Slippage is the difference between the expected price when you submit a swap and the price you receive when it executes. It can come from your own price impact, other transactions being mined before yours, network delays, and MEV behaviors like front-running and sandwich attacks. Many DEXs let users set a slippage tolerance that can revert the trade if execution is worse than the threshold.
What causes impermanent loss for liquidity providers?
Impermanent loss is underperformance versus holding the tokens when their relative prices diverge. As external prices move, arbitrageurs trade against the pool to bring its implied price back in line, which changes the pool’s inventory mix. That rebalancing is the structural source of impermanent loss, while fees are the main offset.

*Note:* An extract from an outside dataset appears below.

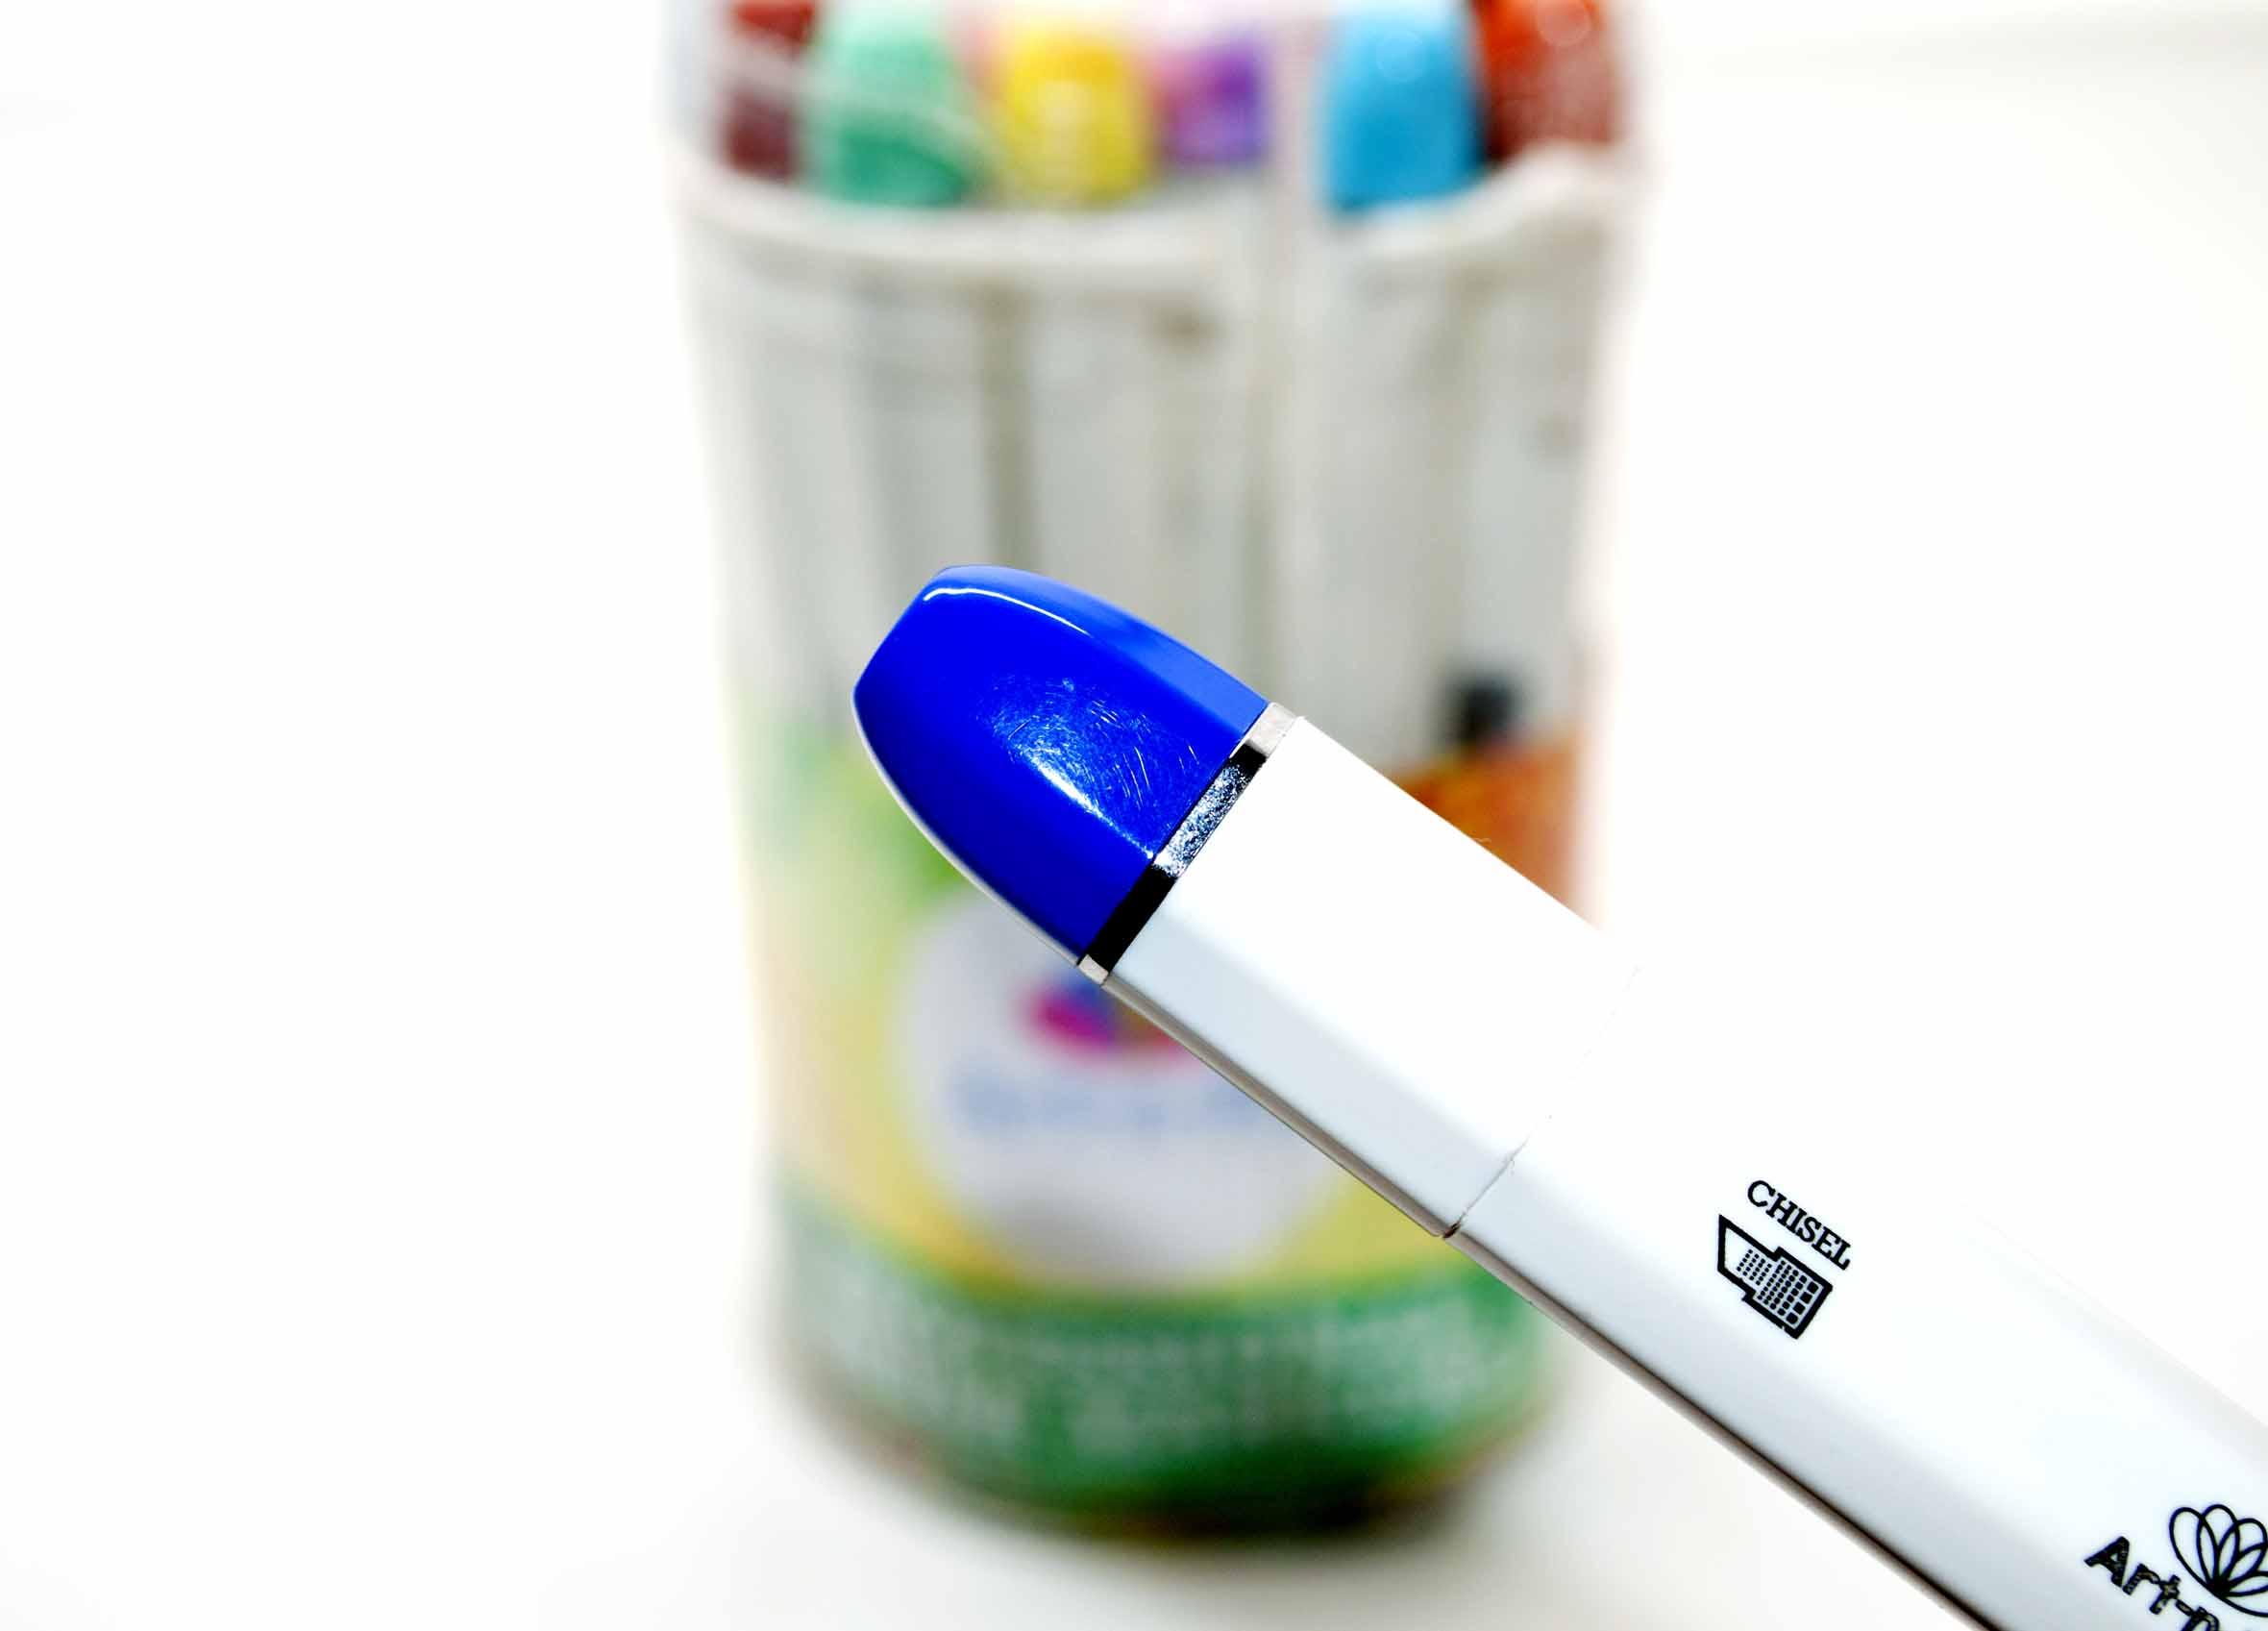 art-n-fly lid colours.jpg

Is an AMM price a reliable oracle price?
AMM spot prices are not designed to be oracles and can be manipulated by trades. Speedrun Ethereum explicitly warns against using spot price as an oracle and points to TWAPs or Chainlink-style references instead. For builders, the practical takeaway is to separate swap execution from price feeds.
How does concentrated liquidity change LP risk?
Concentrated liquidity lets LPs allocate liquidity within chosen price ranges, improving capital efficiency. When price moves out of range, the position becomes one-sided and stops earning fees. That turns LPing into active position management rather than a set-and-forget deposit.